The American Car Company graveyard might get a little larger soon; it looks like Ford is getting ready to give Mercury the "'Ole Yeller" soon. Allan Mullaly made it clear when he took the reigns at Ford, that he would emphasize one premier brand, Ford, and would eventually wind down extraneous brands Lincoln and Mercury. According to sources, the automaker's top executives are preparing a proposal to kill Mercury to be presented to directors in July. Mercury is already losing two of its models next year, leaving it with a serious product drought.

The plan hinges on Ford's ability to convince Lincoln/Mercury dealers to close or consolidate with existing Ford dealerships, a negotiation that could get rocky. No dealer wants to give up his franchise. Unfortunately for them, this plan falls right in line with Ford's other cost cutting measures, namely the elimination of small-niche European brands like Volvo and Jaguar. With the Euro-pudge trimmed, Mullaly is now turning his attention to Ford's North American fat.

"Mercury is a forgotten brand," said John Wolkonowicz, an auto analyst with IHS Global Insight. "Many Americans probably already think it has been discontinued. Mercury was too similar to Ford from the very beginning." Uh-Greed! "The reason Mercury failed throughout its existence is because Ford never wanted to spend any money on it,” Wolkonowicz said. “Ford always wanted to do it on the cheap and the results were what you'd expect.” Eh, Mercury hasn't always been a failure necessarily, just not a "winner," per say.

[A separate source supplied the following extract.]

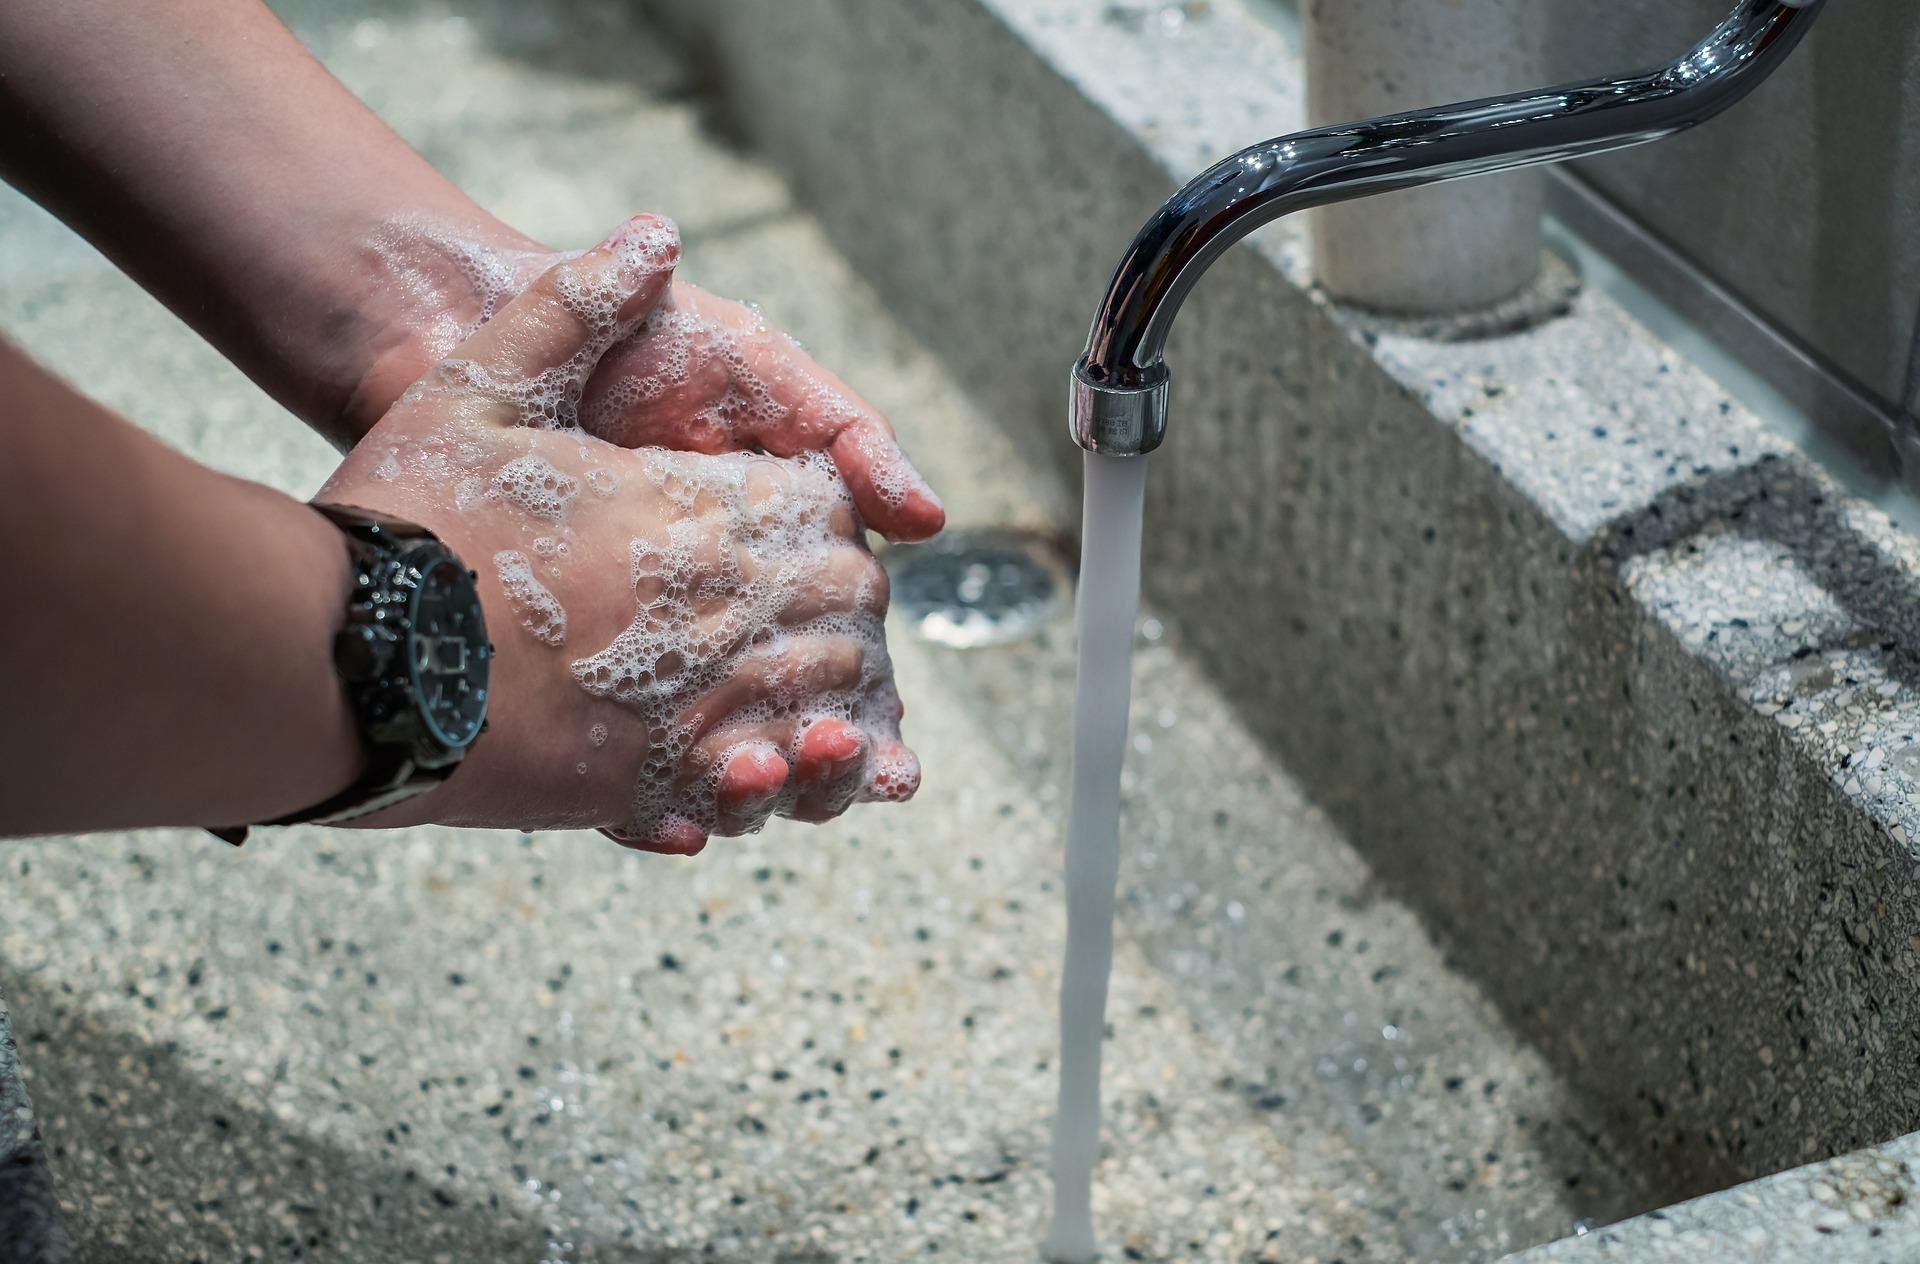 Vasker hender

“The Grand Marquis has the oldest buyer demographics in the industry with an average age of 70,” Wolkonowicz said. “There are still members of the Depression generation who will miss Mercury.” Welp, can't really argue with that. Mercury's cultural heyday came in the 1950s, when hot-rodders favored its engines, which were larger and faster than those found in Ford models, Wolkonowicz said. Along with Lincoln, Mercury sponsored “The Ed Sullivan Show” on CBS in the 1950s and 1960s. Detective Steve McGarrett drove a black Grand Marquis in the “Hawaii Five-0” TV series on CBS in the 1970s.

As Mercury's sales plunged, so too have its profits, Wolkonowicz said. With one-quarter of the sales it had a decade ago, it's hard to rationalize the line's continued existence, he said. “I'm not surprised to see Mercury go because they don't sell enough of them,” Wolkonowicz said. “It's been a case of benign neglect for years.”

There is an upside to all of this, as well. One benefit to being "to similar to Fords" is that Mercurys are cheap and easy to repair. Aside from headlights, they are identical to their Ford cousins. Another benefit: used Mercurys will still have a parts supply, being Fords and all, and there are sure to be some serious deals found on out-going 2010 Mercurys. The Milan is a tarted-up Fusion, and for the right money, an excellent buy! Those ancient Grand Marquis are still being sold because they are bullet-proof cars. The Mercury Mariner is far classier than the Ford Escape it is based on, and is available with the same hybrid technology.

Keep you eyes peeled for deals on Mercurys; they will be out there!